When the results of the military investigation are released, supposedly next week, the level of media coverage should increase further.

John Murtha and even Republican John Warner of the Senate Armed Services Committee say that there was a coverup of the incident that quite clearly involved higher-up officers in the Marines. According to Murtha, “Until March, there was no serious investigation. There was an investigation right afterward, but then it was stifled.” Had it not been for the Iraqi journalism student’s video of the bodies, turned over by TIME magazine to military authorities, there would have been no investigation at all. Without further video evidence, like a Marine’s cell-phone picture of Iraqis kneeling before they were shot, the initial conclusion of the investigators, that the incident was a mere example of “collateral damage,” would likely have been sustained.

The U.S. news media effectively helped to keep the story under wraps. Although TIME, the Independent, and other foreign media had covered it months earlier, until Murtha spoke up at a May 17 press conference, essentially nobody else had picked up the story – even though a massacre of civilians by U.S. troops is unquestionably newsworthy.

Despite some consternation within official ranks over this story, there are already signs that an American public conditioned by longstanding prejudices to see the Iraq occupation as a savage bellum omnium contra omnes involving senseless Iraqis, with American troops trying vainly to impose order, will find it hard to process a story about atrocities committed by those same U.S. troops, much less one that suggests what an atrocity the whole occupation is. The predictable reprise of the Abu Ghraib “a few rotten apples” spin from the right wing, along with denunciations of John Murtha and others for attacking the troops will not help; neither, in turn, will Murtha’s and others’ constant protestations that they are not attacking the troops but supporting them nor their invocations of the great stress the Marines were under that forced them to go and shoot small children at point-blank range.

To understand the kind of intellectual and moral culture these revelations will fall into, one need look no further than Maureen Dowd’s last column. A sensitive humanist and liberal, she is clearly disturbed by the killings. And yet the upshot of her piece is this: the occupation of Iraq is making us become like them. We should not allow our contact with this particular heart of darkness to make us into them.

It is true that there are groups in Iraq that have distinguished themselves by phenomenal, senseless brutality. Even so, it is galling for America to invade a country, occupy it, destroy its social structures, cause the death of hundreds of thousands, kill tens of thousands itself, permanently destabilize the country, and even, occasionally, deliberately murder civilians, and have the only lesson be that we shouldn’t let Iraqi brutality contaminate us.

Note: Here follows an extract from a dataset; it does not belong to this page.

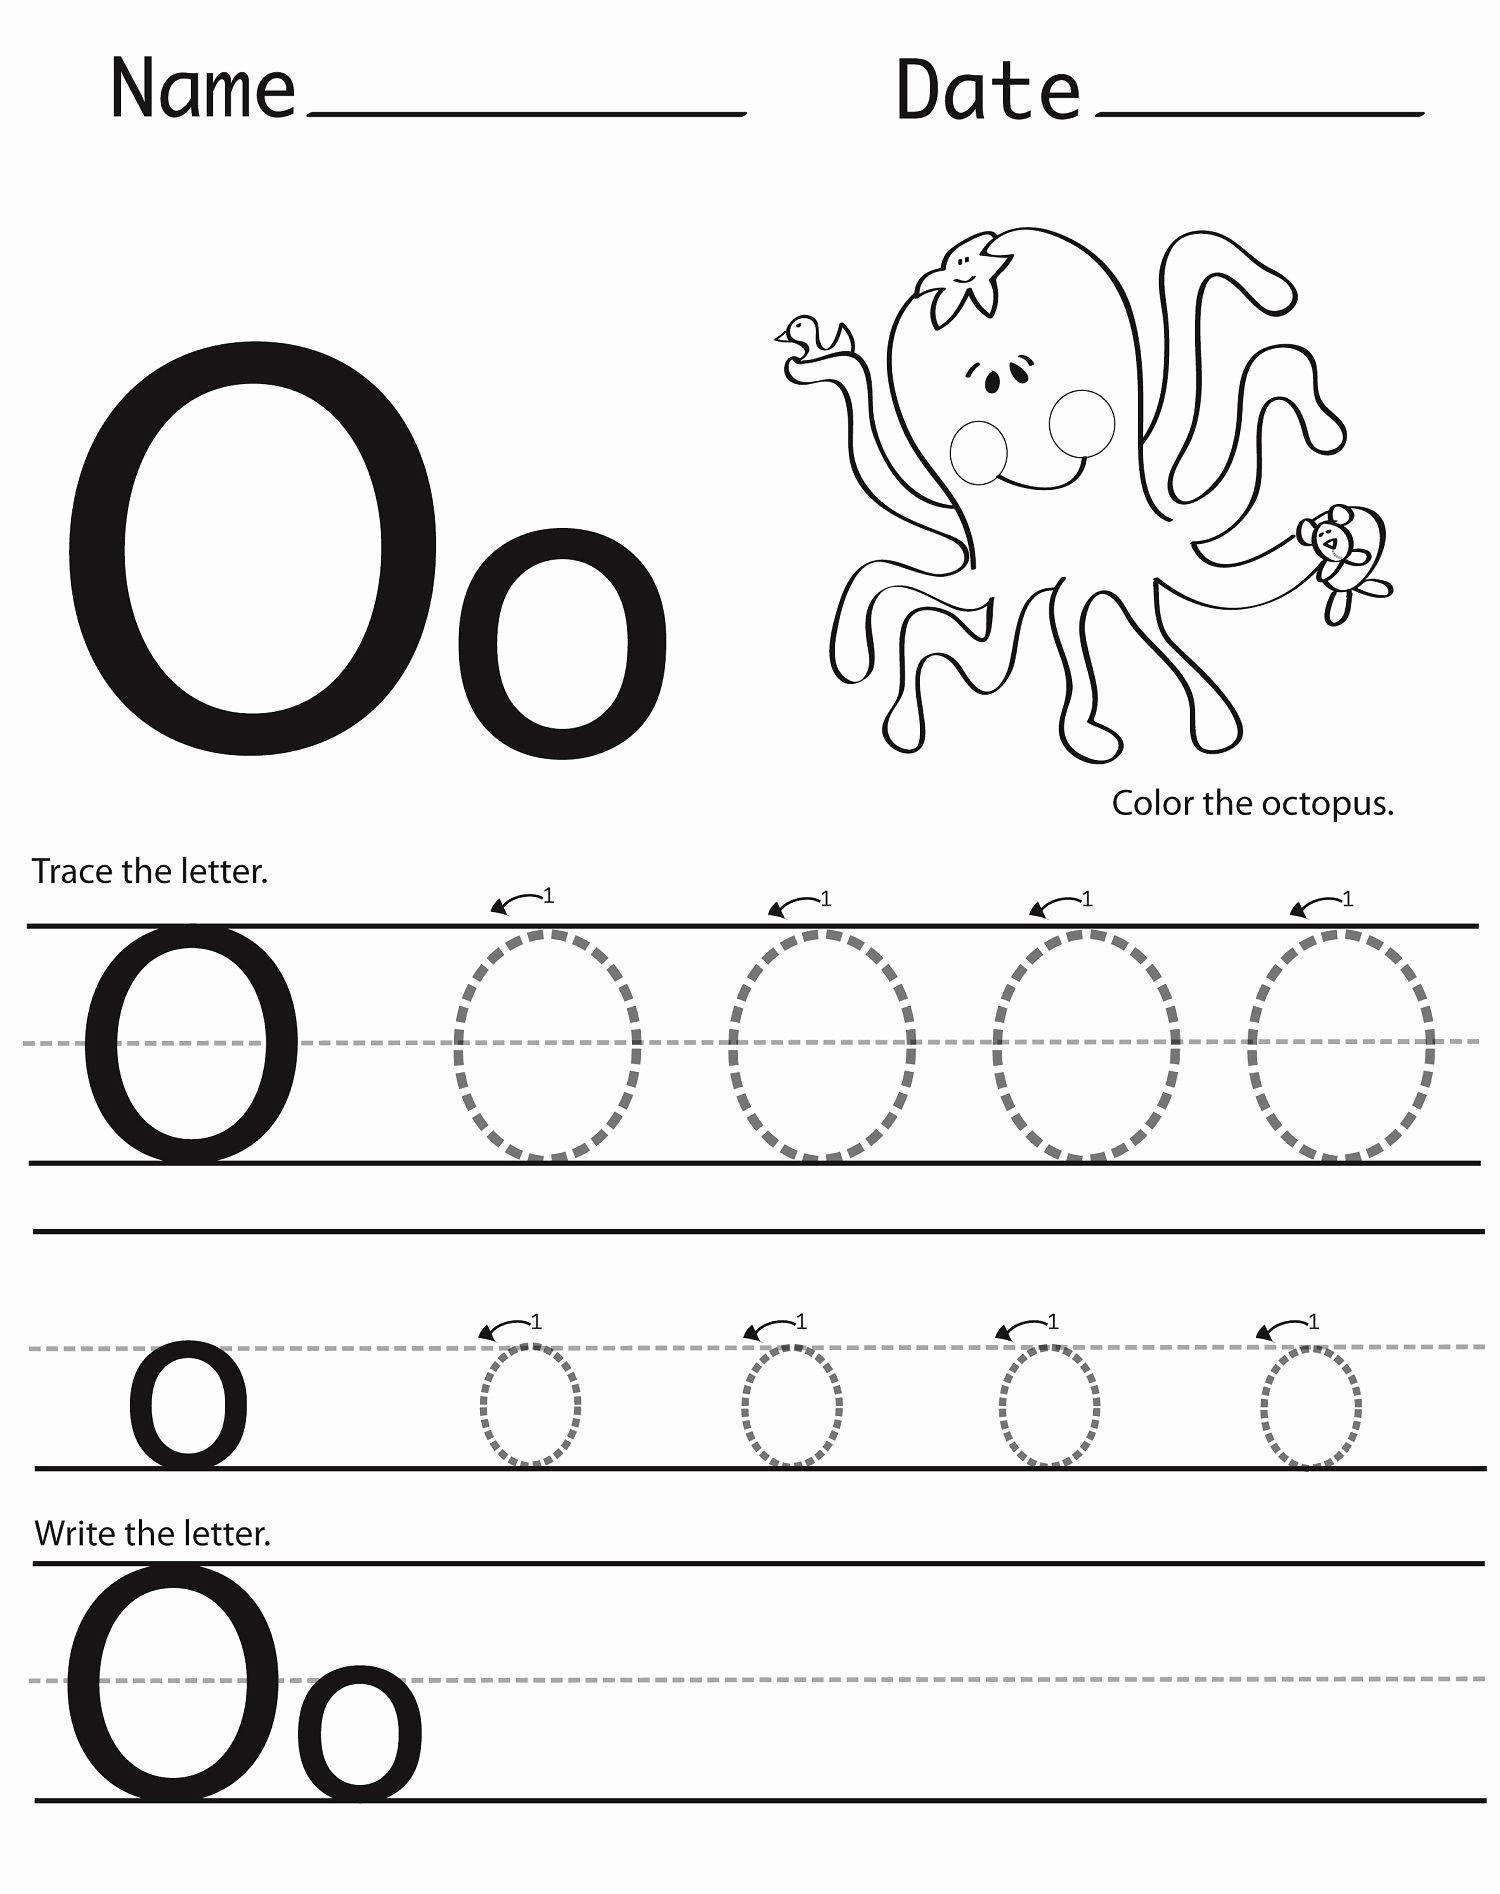 Letter O Worksheets for Preschoolers Kids Letter O Worksheets for Preschool

Two other stories will have to be covered in order for the American public to make sense of this story – in addition to the obvious one that Haditha is the tip of the iceberg. First, it is not true, as Murtha suggested, that lack of training has anything to do with this. On the contrary, U.S. military training makes such incidents inevitable. Soldiers march to chants like “Kill! Kill! Kill! Blood makes the grass grow.” This is not mindless sadism, but rather a specifically developed regimen designed to overcome the natural human aversion to killing another human. Soldiers are made into killing machines; a culture that will do this on the one hand and on the other constantly tout “humanitarian intervention,” where soldiers are supposed to safeguard the interests of a civilian population, is a culture in deep denial.

Second, racism and the peculiar brew of racialized militant nationalism and religion in the wake of 9/11. British officers have remarked numerous times on how U.S. interaction with Iraqis is characterized by racism. Remarking on the propensity of U.S. troops to use massive return fire in civilian areas, something it’s hard to imagine them doing in, say, Europe, one British officer said, “They don't see the Iraqi people the way we see them. They view them as untermenschen.” This component has been ignored for too long.

Even My Lai, unfortunately, did not teach Americans lasting lessons of the kind they really need to learn. It is unquestionably up to the antiwar movement to try to ensure that Haditha does.

Posted at 11:08 am

May 15, 2006

Weekly Commentary -- Big Brother and You: The Latest From the NSA

NOTE: To date, my weekly commentaries have been short and sweet because I also record them for radio. Thus, they have to be between 700 and 750 words. This week, I'm posting a longer and more fleshed out version, with links.

Big Brother and You: The Latest From the NSA

Big Brother is watching you. At least when you’re on the phone -- he knows what numbers you’ve called, how many times and for how long, what numbers people at those numbers have called, and so on.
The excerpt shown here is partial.